GOAL OF THE EXERCISE | Your answer should be the exact lines of the data below from the one containing "University Station area" through the one containing "Switzerland’s fastest-growing AI"; please include nothing else.

RECORDS FOR THE TASK |
_ _ _ _ _ _ _
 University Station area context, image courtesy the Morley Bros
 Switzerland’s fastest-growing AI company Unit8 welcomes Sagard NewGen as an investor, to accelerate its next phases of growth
_ _ _ _ _ _ _
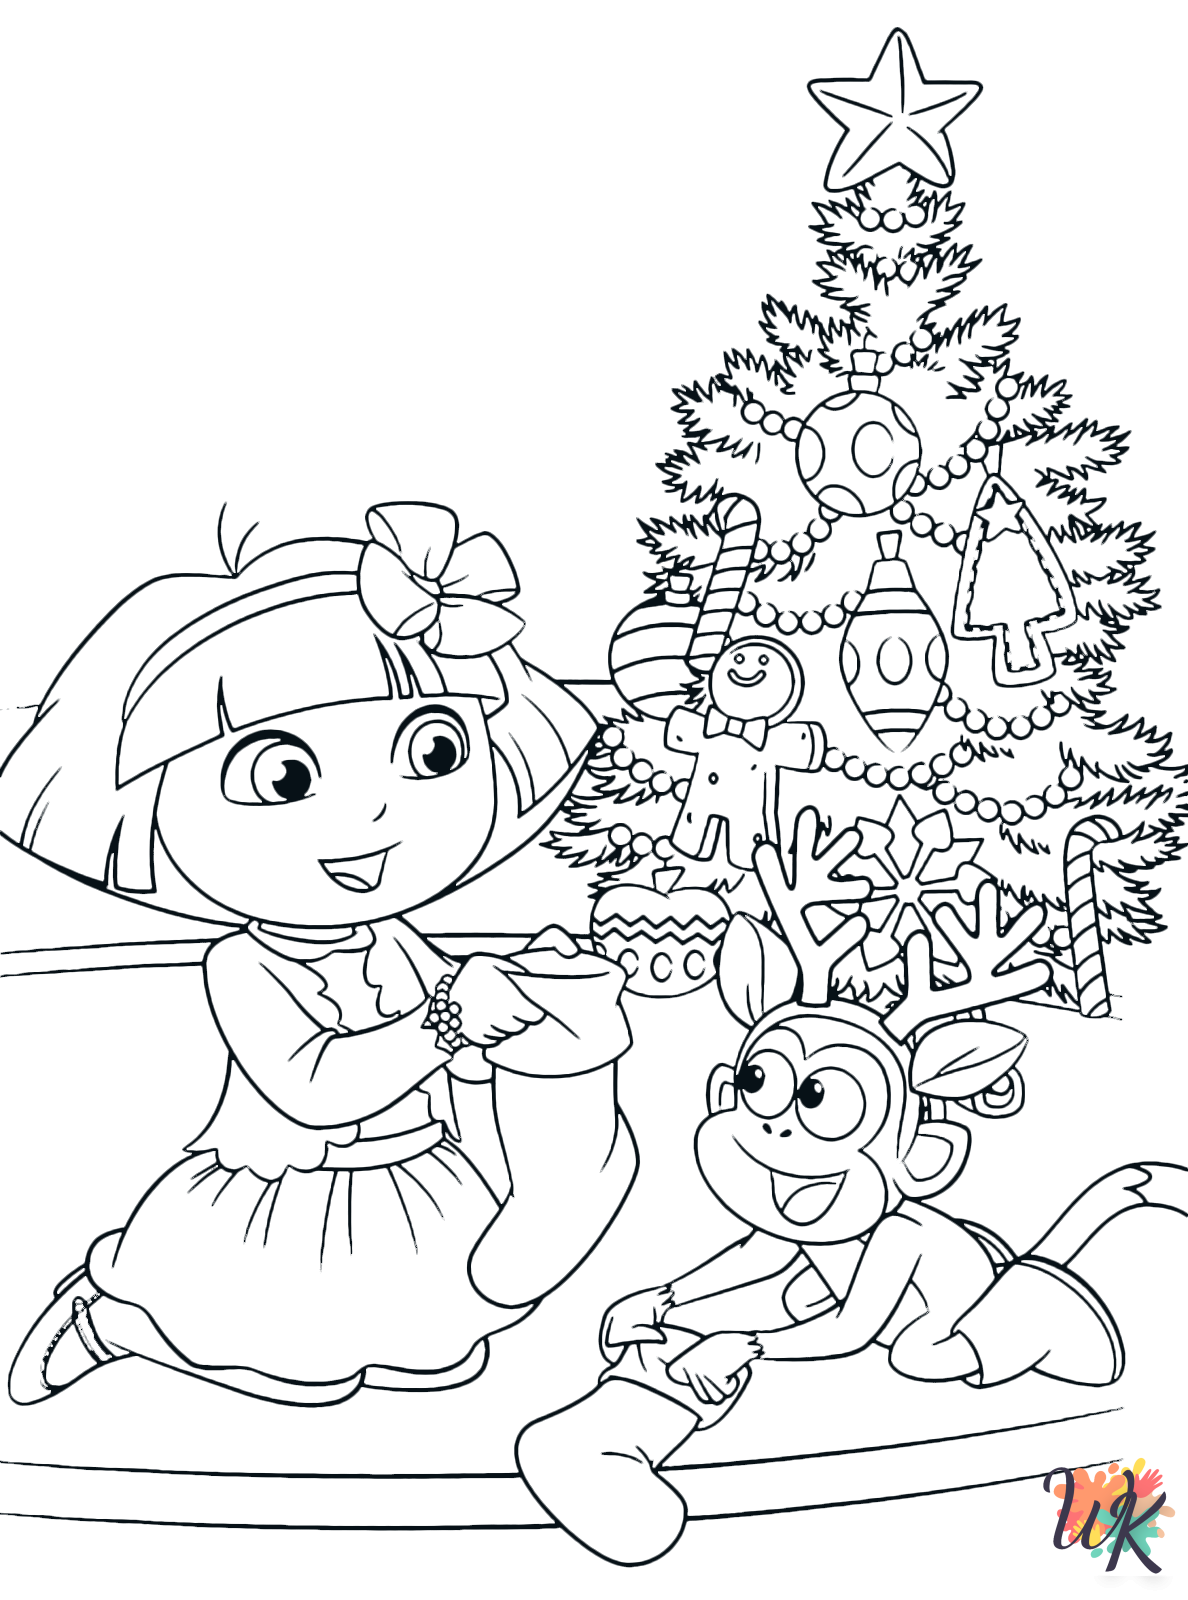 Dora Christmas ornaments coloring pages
_ _ _ _ _ _ _
RESULT OF THE EXERCISE |
 University Station area context, image courtesy the Morley Bros
 Switzerland’s fastest-growing AI company Unit8 welcomes Sagard NewGen as an investor, to accelerate its next phases of growth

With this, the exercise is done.